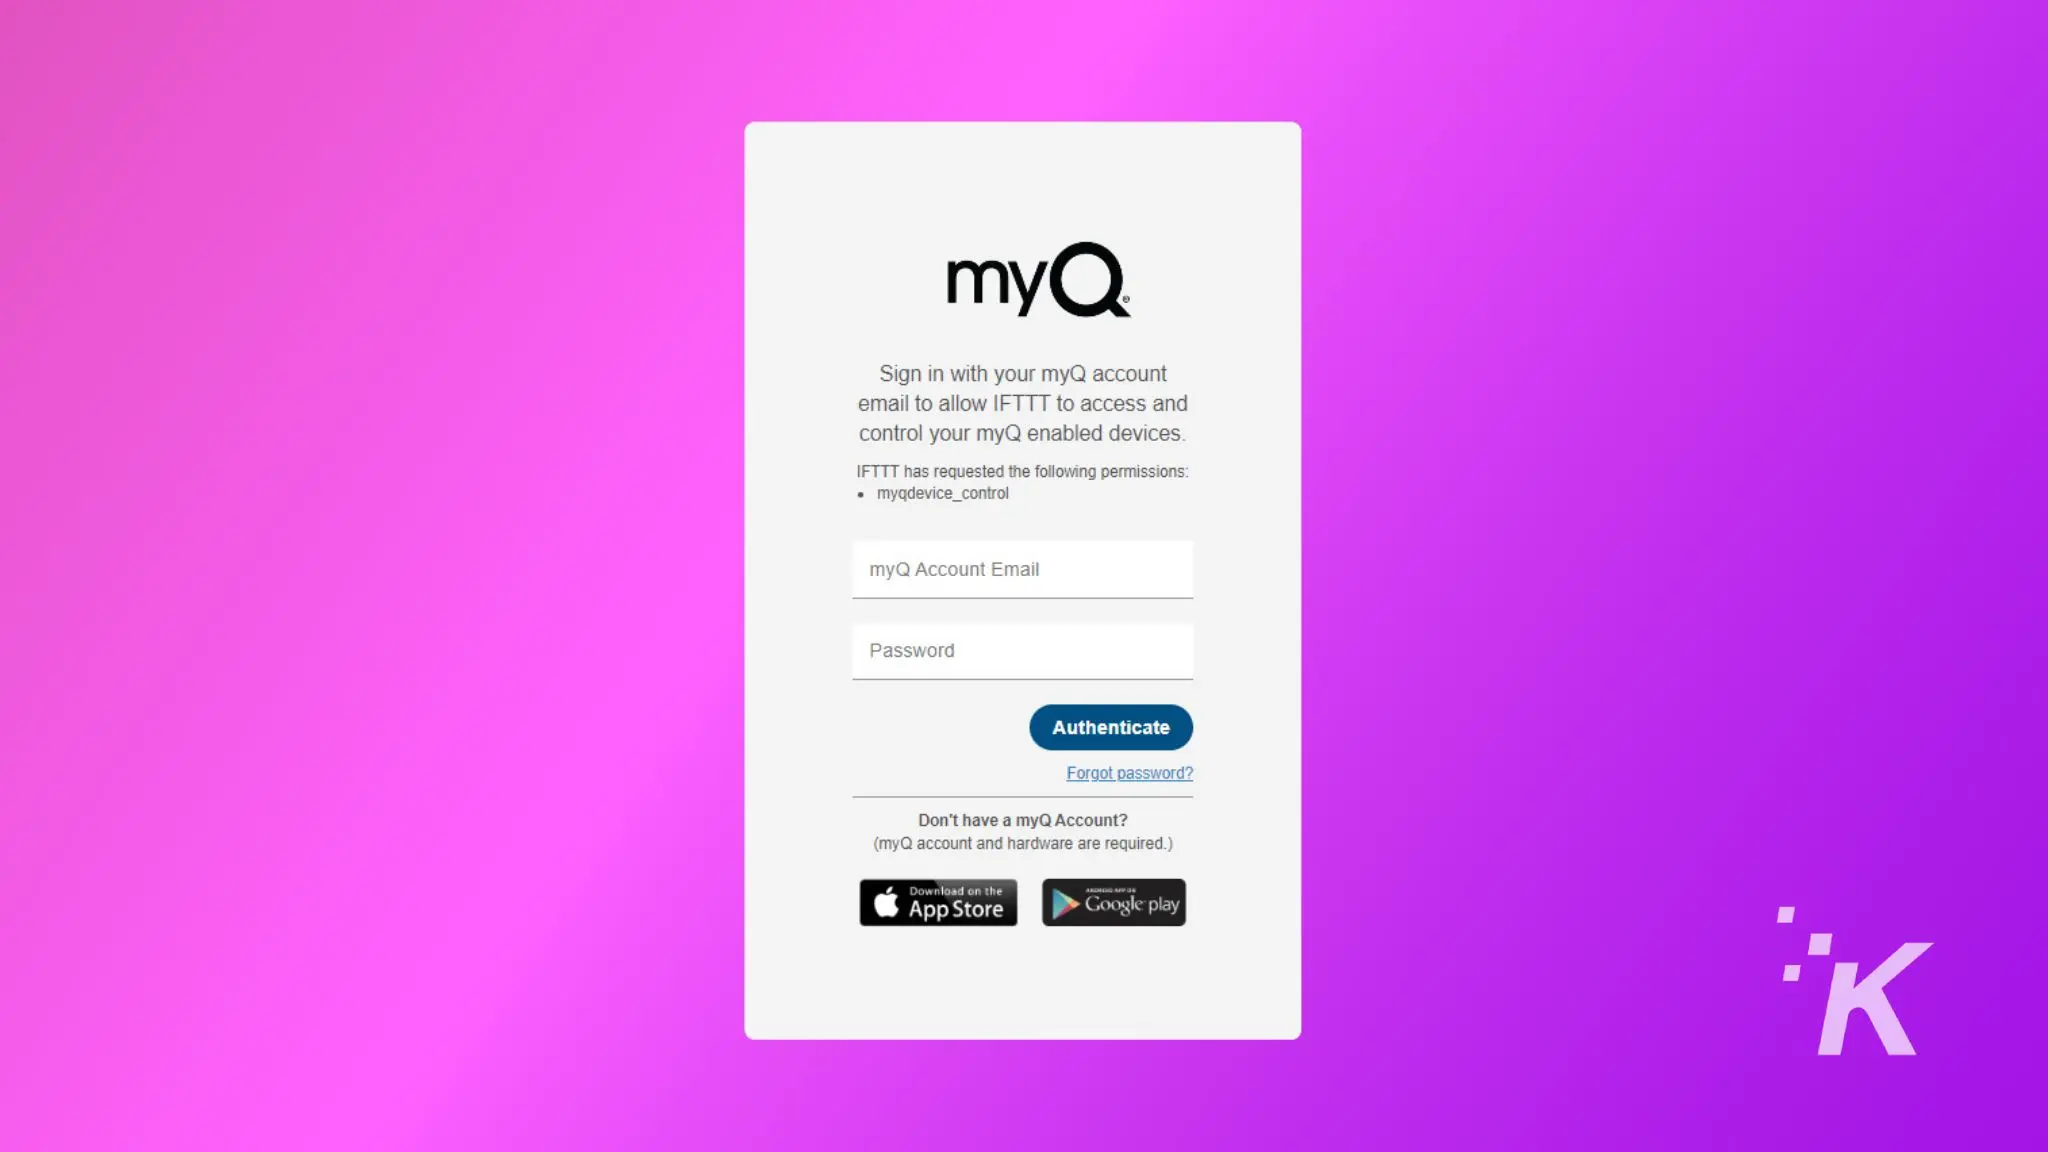 This image is prompting the user to sign in to their myQ account with their email and password in order to grant IFTTT access and control of their myQ enabled devices.
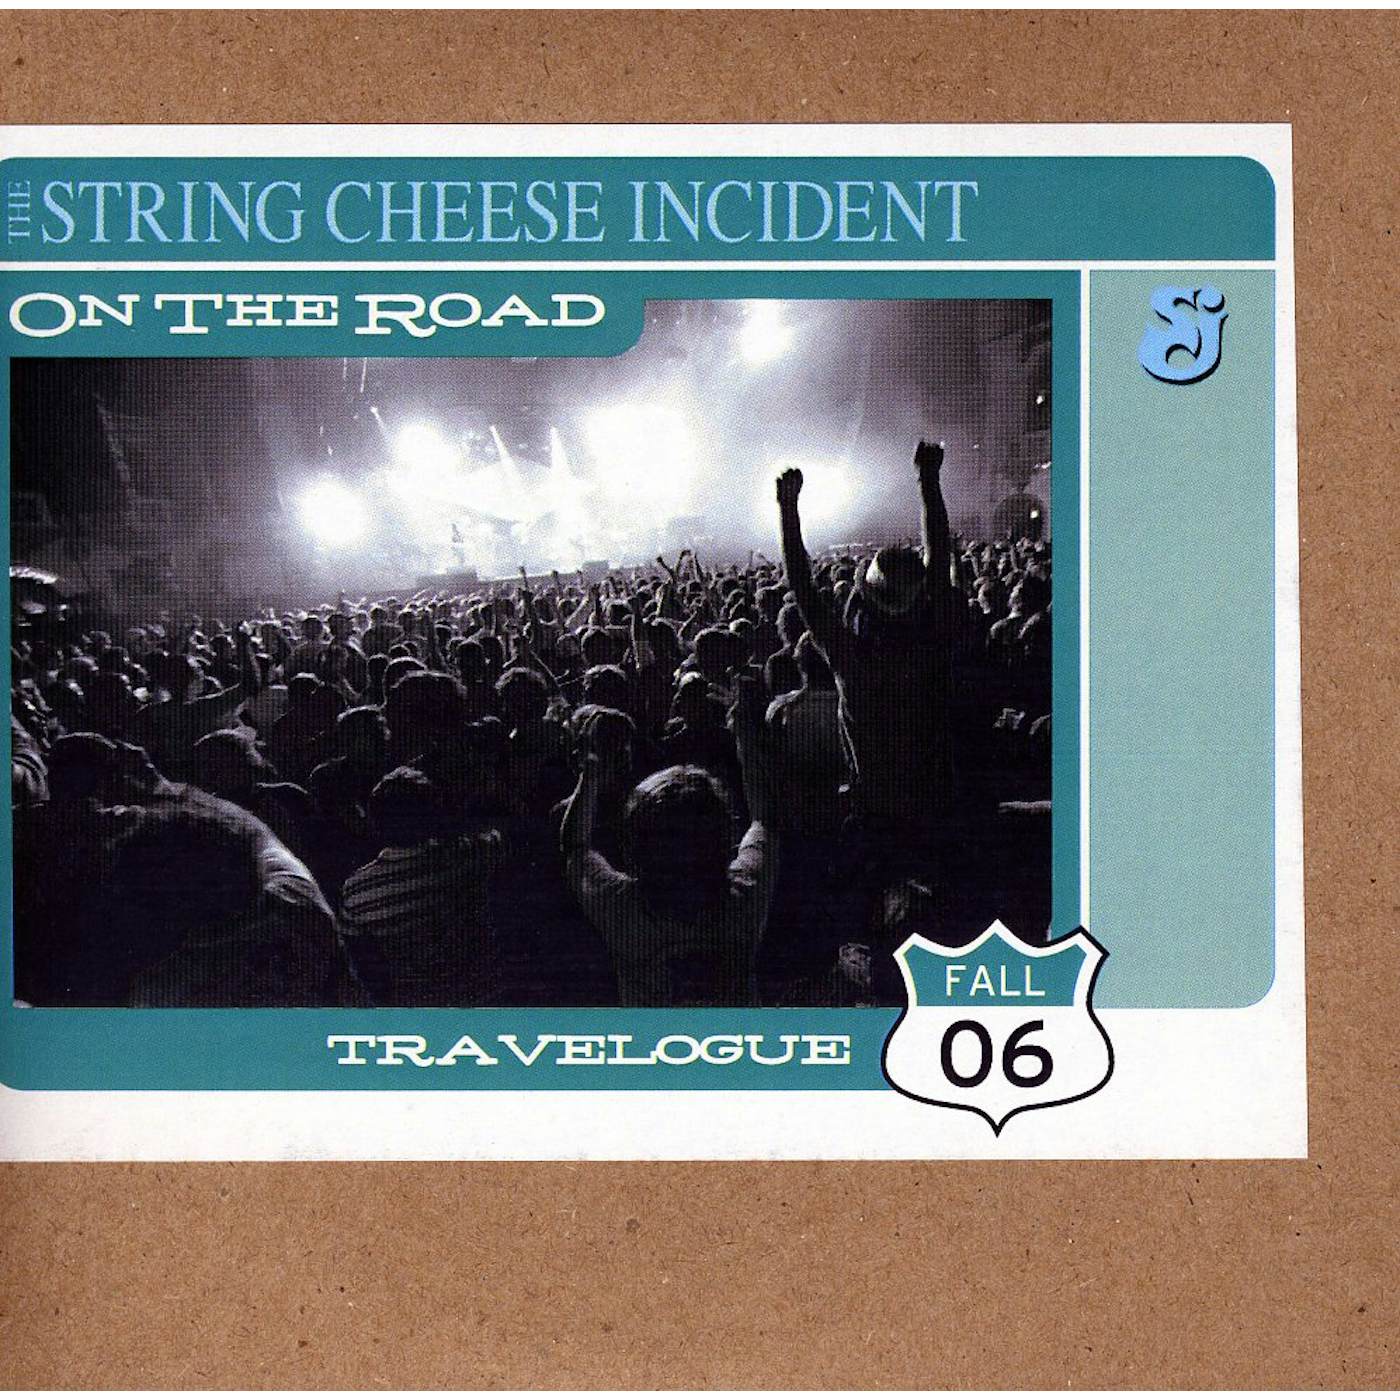 The String Cheese Incident ON THE ROAD: TRAVELOGUE FALL 2006 CD
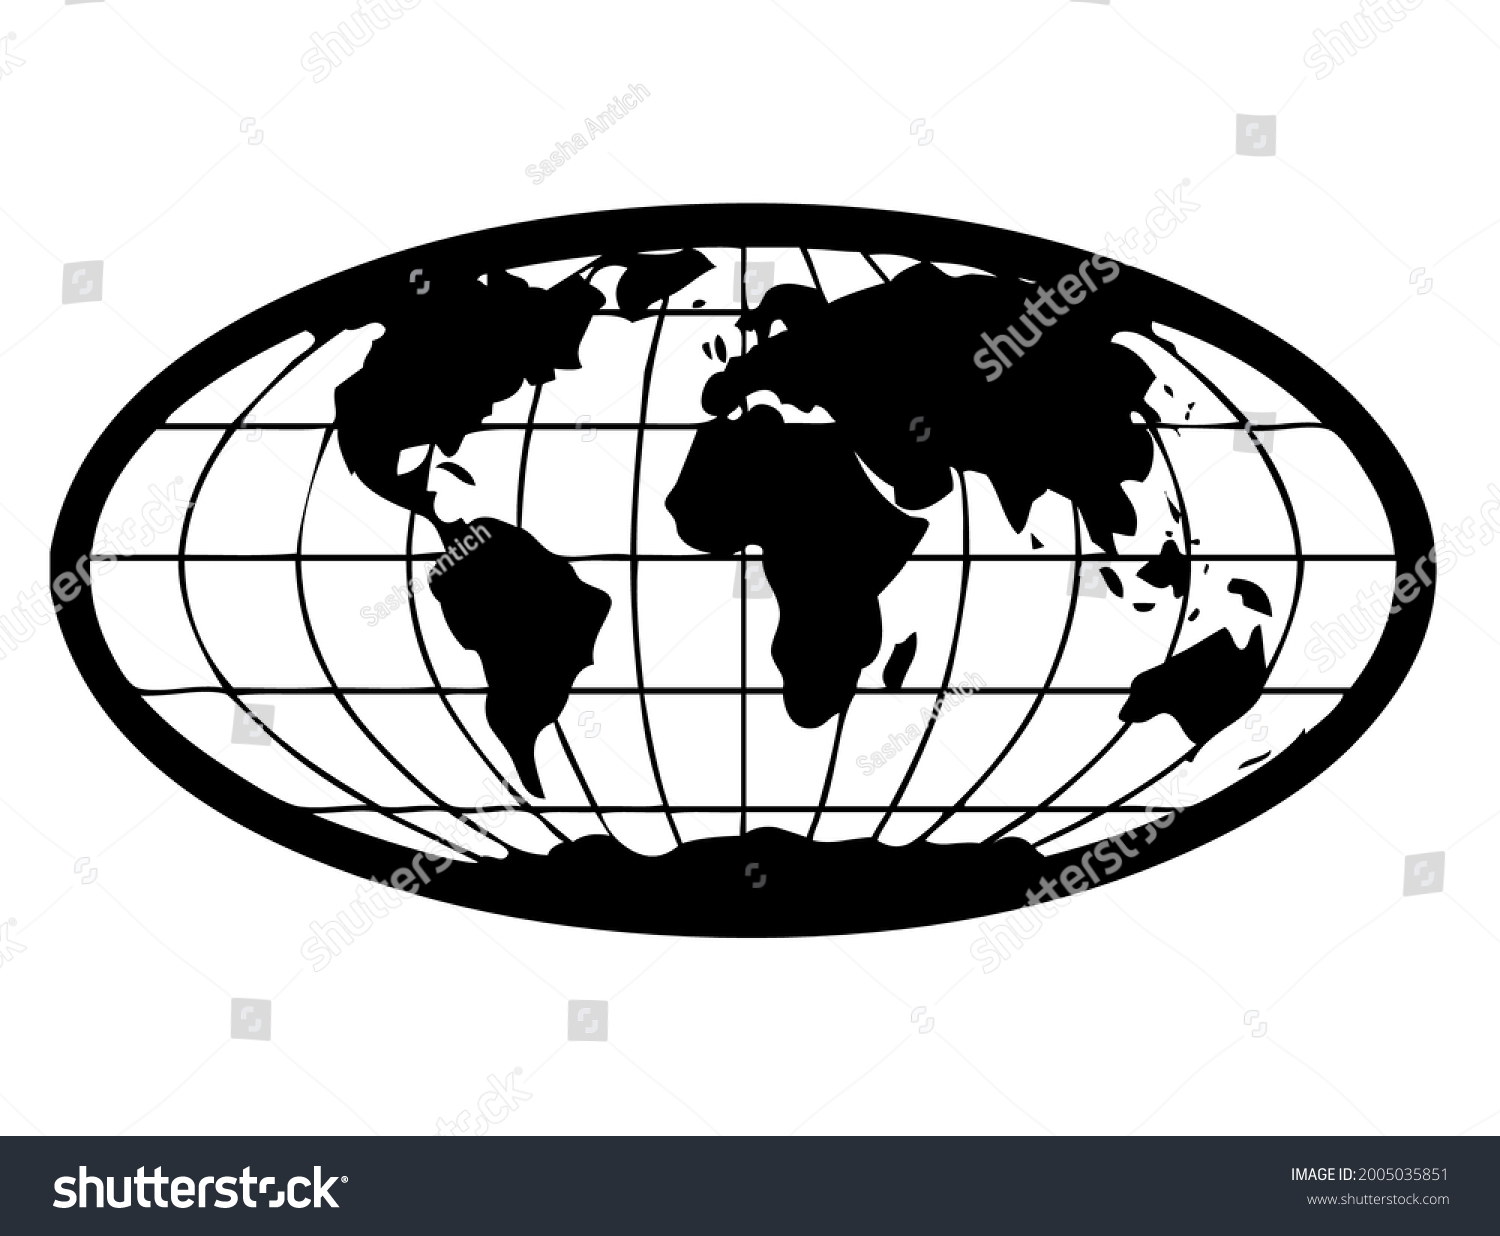 2,545 World map with longitude and latitude lines Images, Stock Photos ...
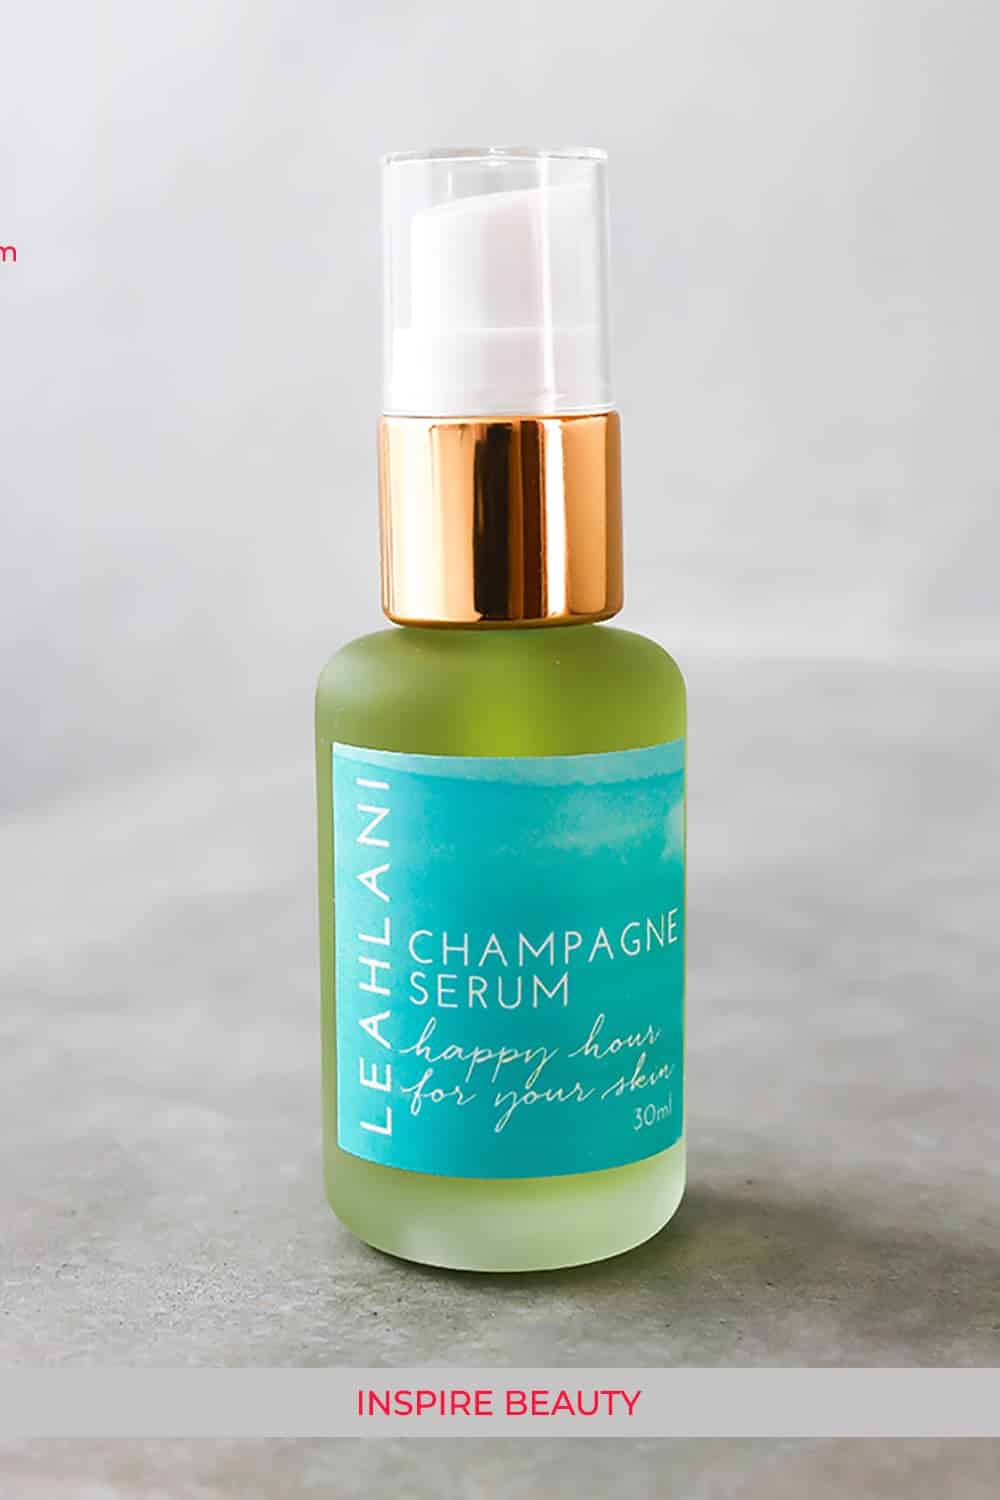 My favourite Leahlani product. Happy Hour Balancing Serum reduces redness, irritation, and brings your skin back to balance
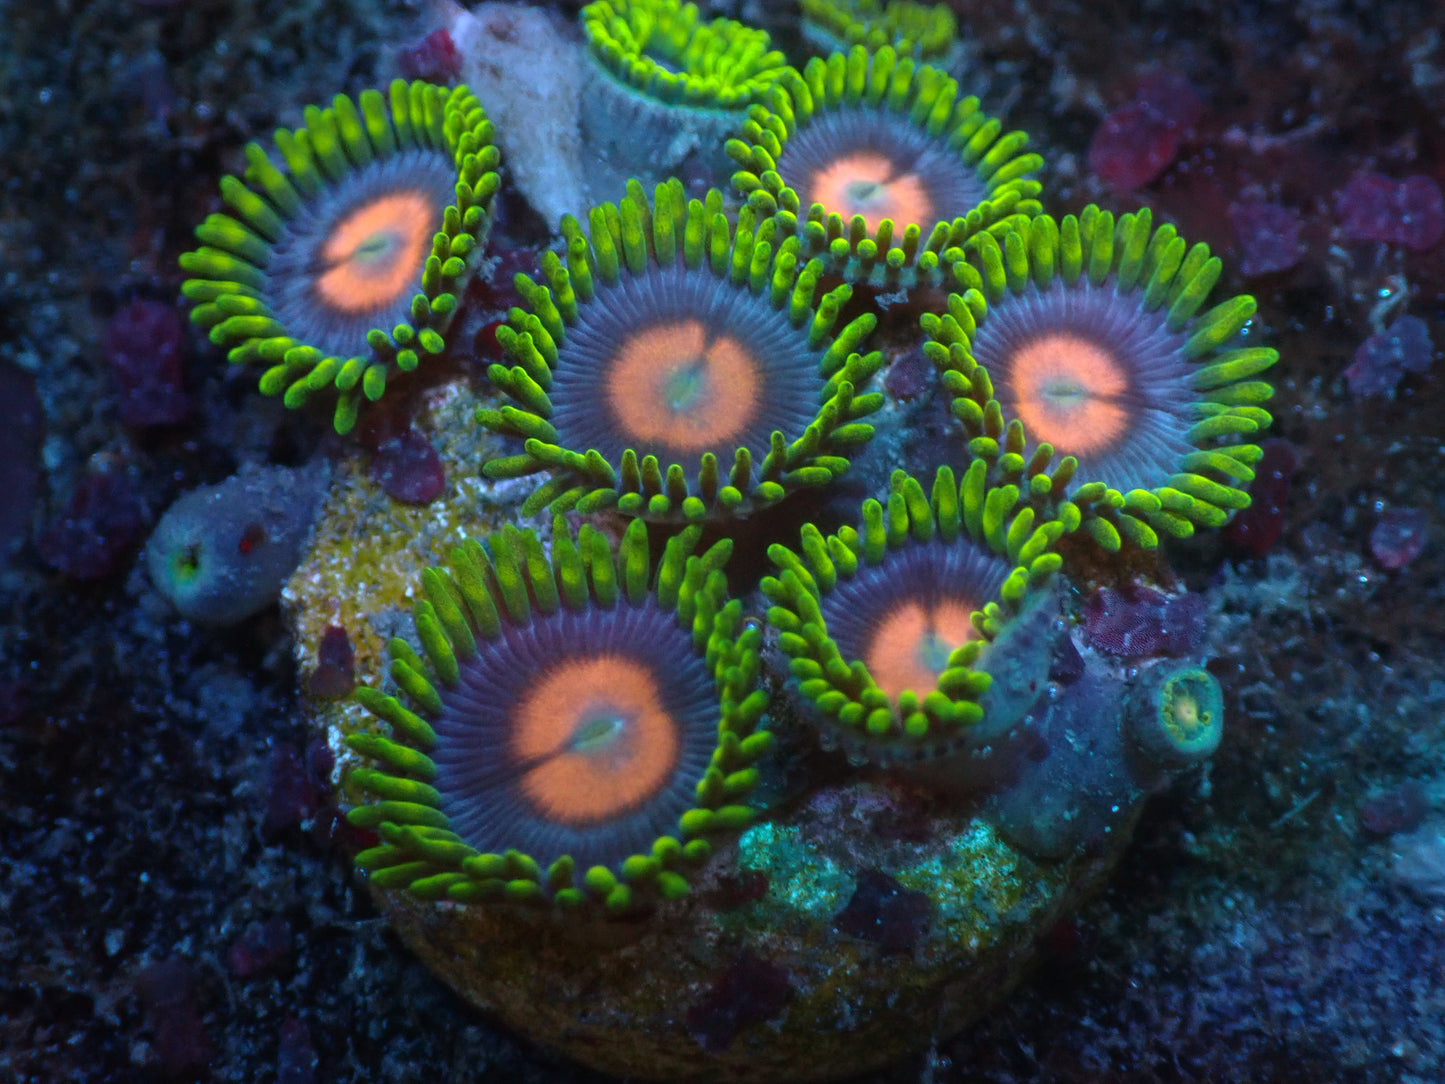 Blowpop Zoas Auctions 5/3 ended

Problem to solve
Repeat the entries exactly as they are given, leaving out each image.

Answer space
 This image is prompting the user to sign in to their myQ account with their email and password in order to grant IFTTT access and control of their myQ enabled devices.
 The String Cheese Incident ON THE ROAD: TRAVELOGUE FALL 2006 CD
 2,545 World map with longitude and latitude lines Images, Stock Photos ...
 My favourite Leahlani product. Happy Hour Balancing Serum reduces redness, irritation, and brings your skin back to balance
 Blowpop Zoas Auctions 5/3 ended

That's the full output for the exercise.